Chromebook devices powered by the Qualcomm Snapdragon 845 may be coming

Earlier this month, the Qualcomm Snapdragon 845 was made official at an event in Hawaii. Featuring 8 semi-custom Kryo 835 cores, the new Adreno 630, Qualcomm’s second generation Spectra 280 ISP, and the Hexagon 685 DSP all fabricated on Samsung Foundry’s LPP 10nm FinFET process, the Snapdragon 845 is a force to be reckoned with. So far, only Xiaomi has confirmed that their Mi 7 device will launch with Qualcomm’s latest SoC, though it’s likely the upcoming Samsung Galaxy S9 will feature it as well. Smartphones weren’t the primary focus at the Qualcomm event, however, as much of the focus was on Always Connected PCs—ie. laptops running Windows 10 on ARM. However, according to new commits we discovered, Chromebook devices powered by the Snapdragon 845 may be on the way.

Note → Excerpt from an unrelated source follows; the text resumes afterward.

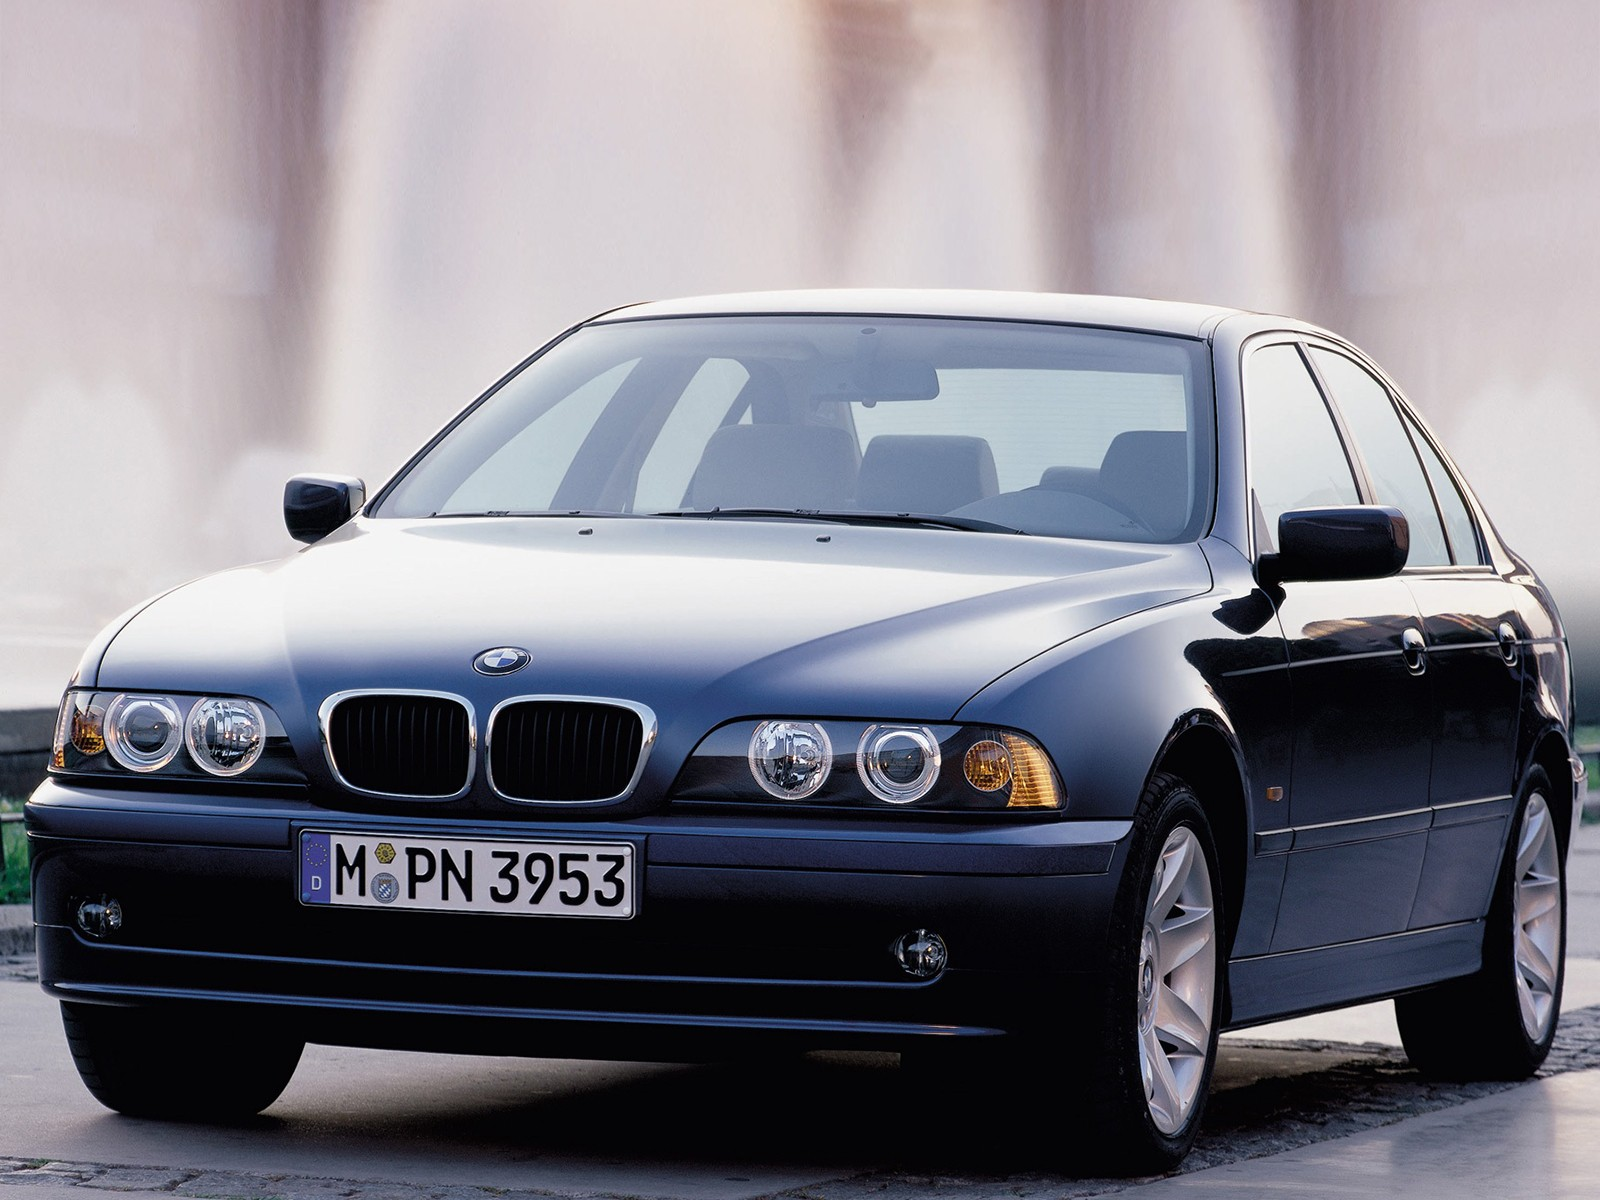 BMW 5 Series (E39) - 2000, 2001, 2002, 2003 - autoevolution

Recommended Reading: Qualcomm Snapdragon Tech Summit Roundup: Snapdragon 845, Spectra 280 ISP, Hexagon 685 DSP, and More

Two commits were recently merged that add support for a generic board running the Qualcomm Snapdragon 845. The first commit we discovered simply adds a new board called “cheza” though there is no further information in this particular commit. However, a follow-up commit shows that “cheza” is actually a board overlay for a reference device powered by the Snapdragon 845 SoC. The several references to the name “chipset-qc845” are a big clue that this board overlay is for the latest Qualcomm SoC in question. Furthermore, we can also see a reference to Qualcomm in the make.defaults file.

In the comments, there are also references to another ARM-based chip—the rk3399, which is used in the Samsung Chromebook Plus. The rk3399 is considerably less powerful than the Qualcomm Snapdragon 845, but it’s one of the few ARM chips we see on existing Chrome OS devices.

ChromeOS Chromebook Lock Screen Note Taking Stylus

The Samsung Chromebook Plus with the rk3399 processor

Why has it taken so long for a Qualcomm SoC to be used on a Chromebook? Around this time last year, two ex-Googlers explained that the issue revolves around “Qualcomm’s reluctance to open-source and upstream the various drivers that make up Linux support for the embedded devices.” Since these comments were made last year, it’s possible that Qualcomm has changed their stance and is working to upstream the necessary drivers.

Potentially having Chrome OS devices with a high-end Qualcomm SoC would be great for consumers. Qualcomm has already demonstrated on Windows 10 on ARM devices how the Snapdragon 845 SoC should perform—impressive battery life without compromising too heavily on performance. Thus, Qualcomm Snapdragon 845 chips shipping in future Chromebooks is certainly something to get excited about.